While the e-ticketing system definitely made it easier to buy reserved tickets, the experience was far from seamless. Indian Railways’ unique Tatkal ticketing system offers the ability to book last-minute trips one day before the date of travel starting at 10 a.m. In the past, the e-ticketing system would often crash at 10 a.m. because of Tatkal ticket demand, but the system experienced issues any time there were more than 40,000 concurrent users logged on to purchase tickets. Even when it didn’t crash, the system was so slow that it would take customers up to 15 minutes to buy a ticket—and often the system would time out and not allow customers to finish their purchases.
Solution
CRIS experts had already determined that simply adding new hardware would not solve performance issues. They designed a completely new application but realized they also needed to incorporate technology that would enable the new e-ticketing system to manage huge concurrent workloads, migrate 3 million users and provide dynamic load balancing to seamlessly manage demand at peak hours.

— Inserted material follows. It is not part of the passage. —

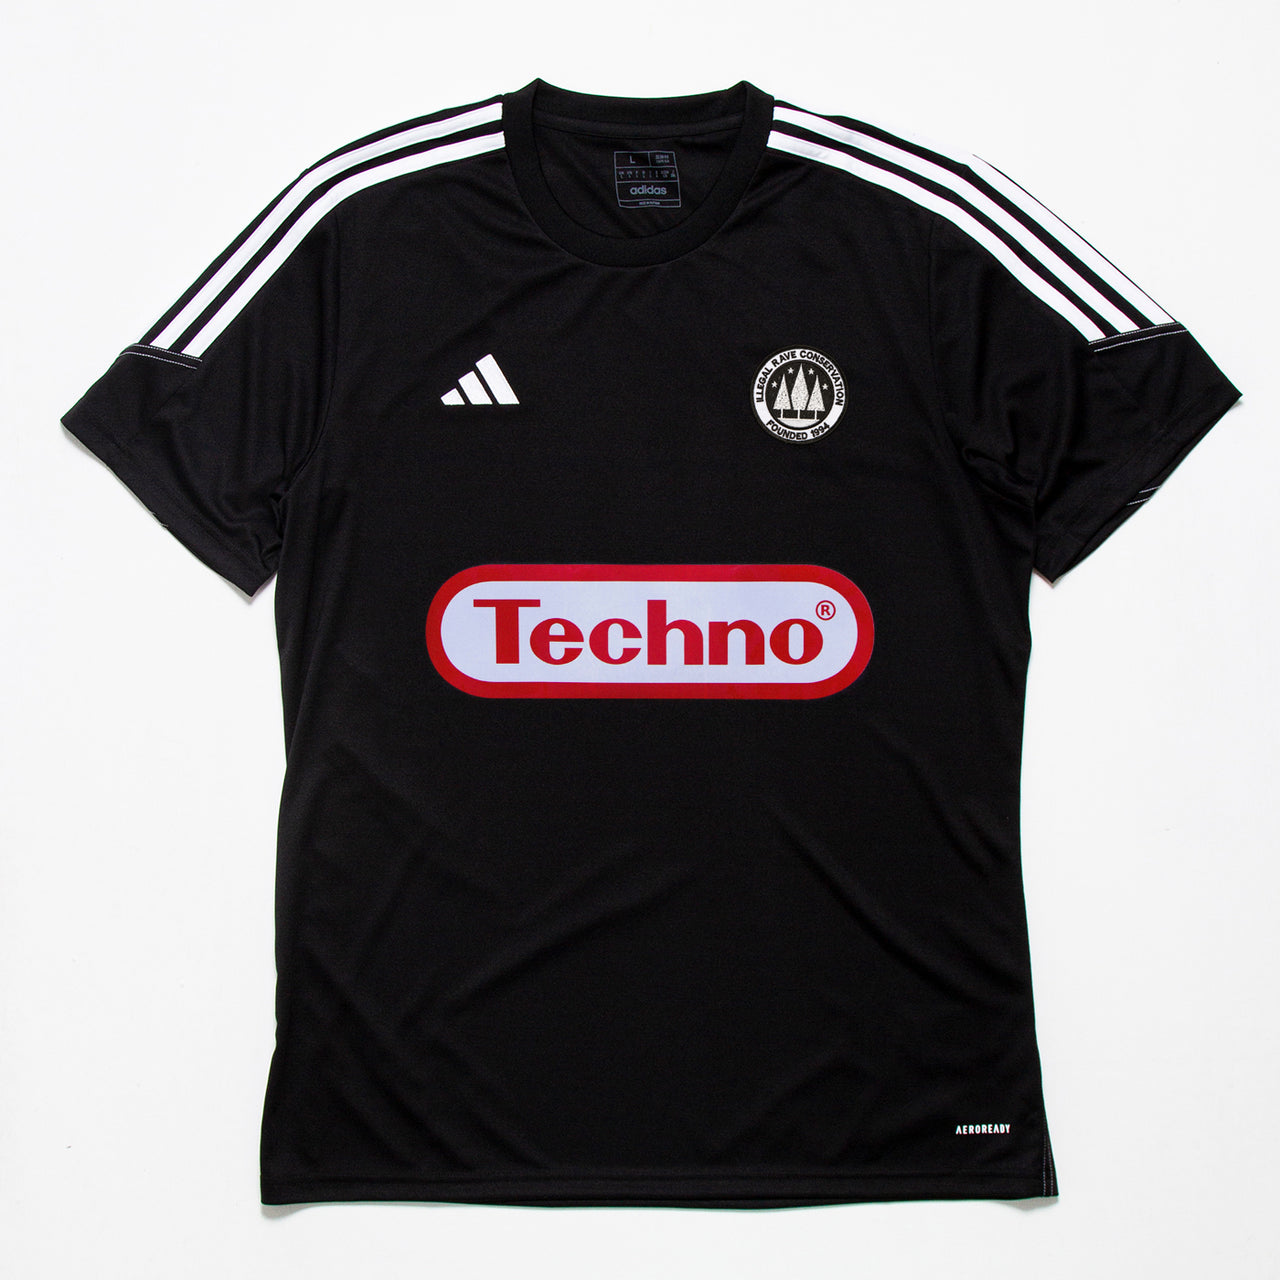 Super Techno FC Tiro 23 - Training Jersey - Black/White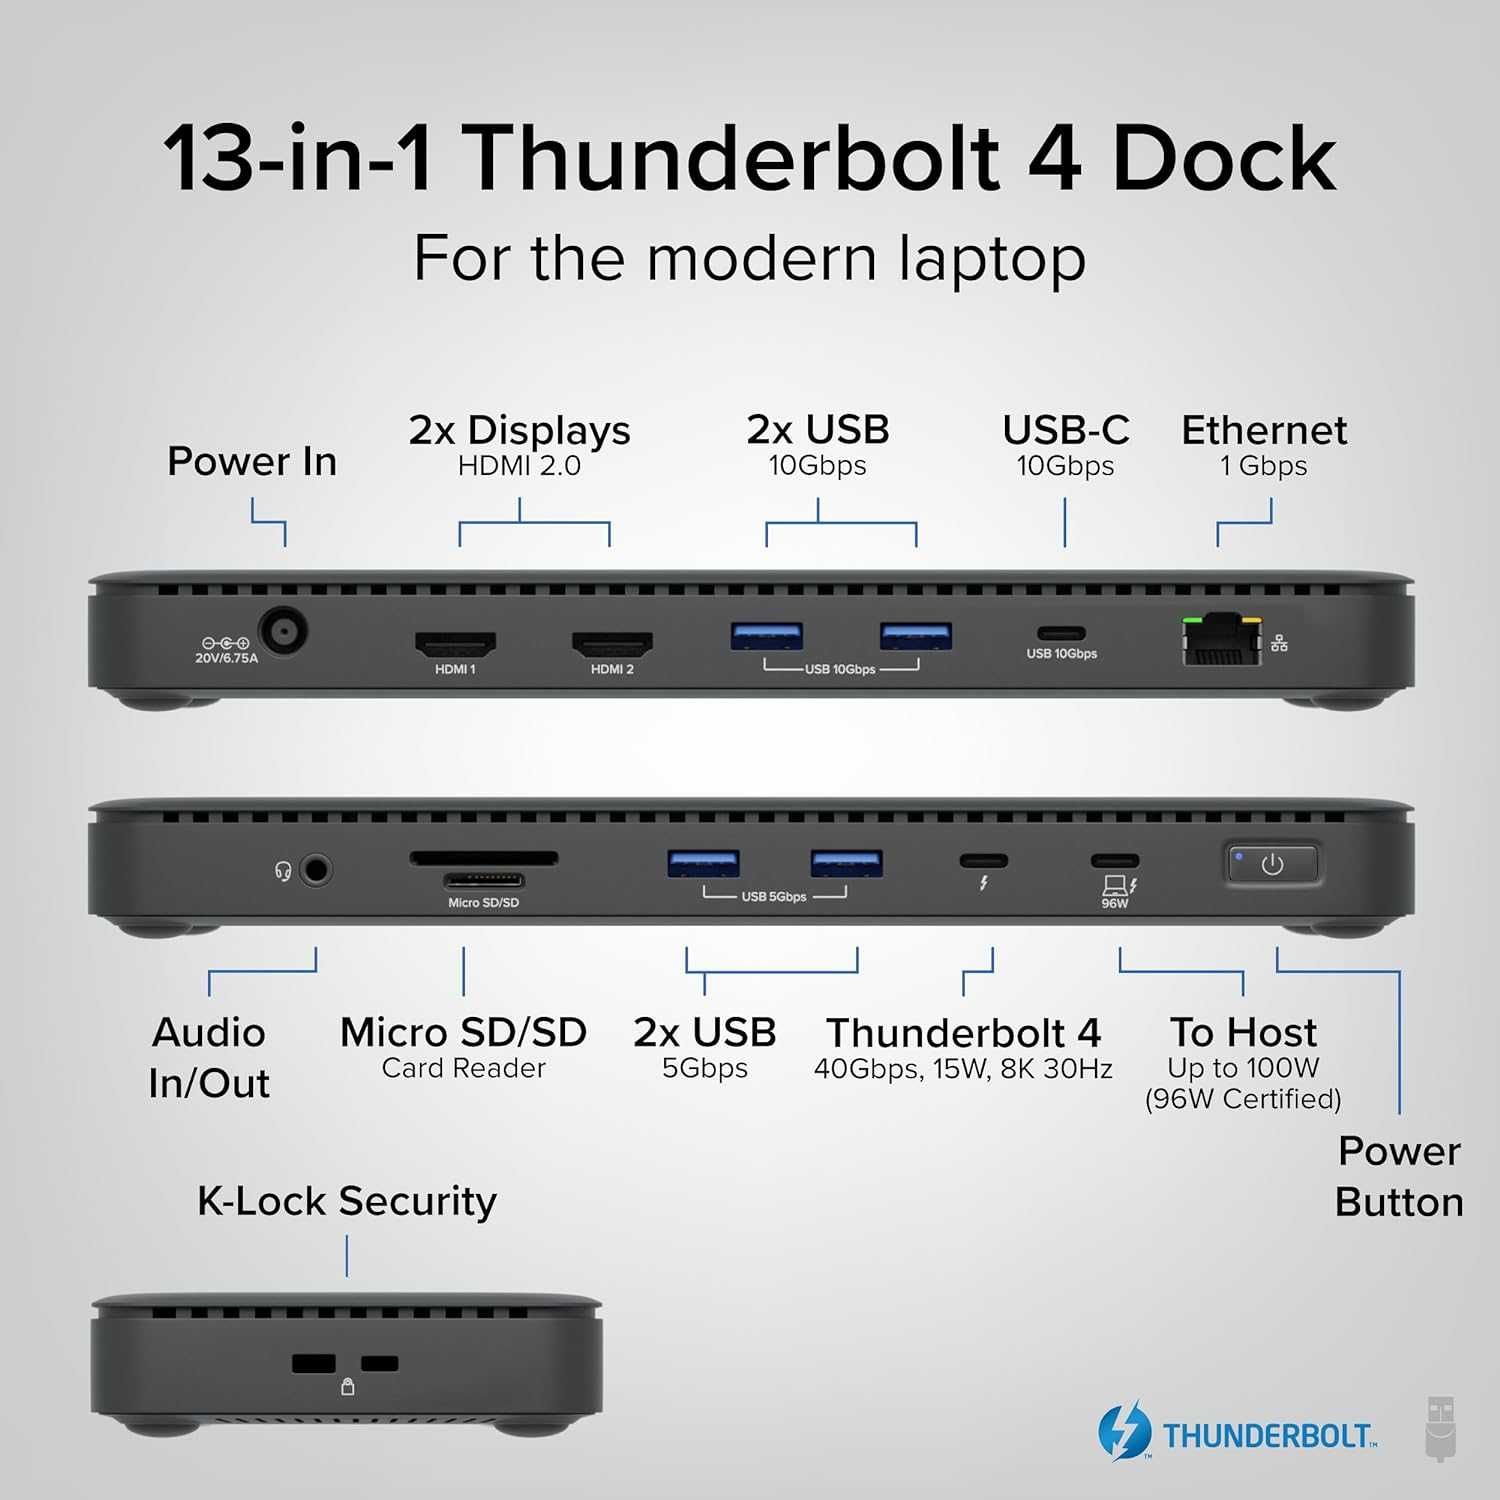 Plugable докинг станция Thunderbolt 4, един 8K или два 4K HDMI, 100 W

After evaluating a variety of options, CRIS IT leaders chose to base their application on Pivotal GemFire, a distributed in-memory database which is part of Pivotal Big Data Suite. The CRIS team designed their new e-ticketing system around the shared-nothing distributed architecture of GemFire to improve load balancing at the web and application tiers.
CRIS initiated a pilot of the new e-ticketing system in June 2014, successfully migrated all 3 million users and then launched the system officially on July 2014.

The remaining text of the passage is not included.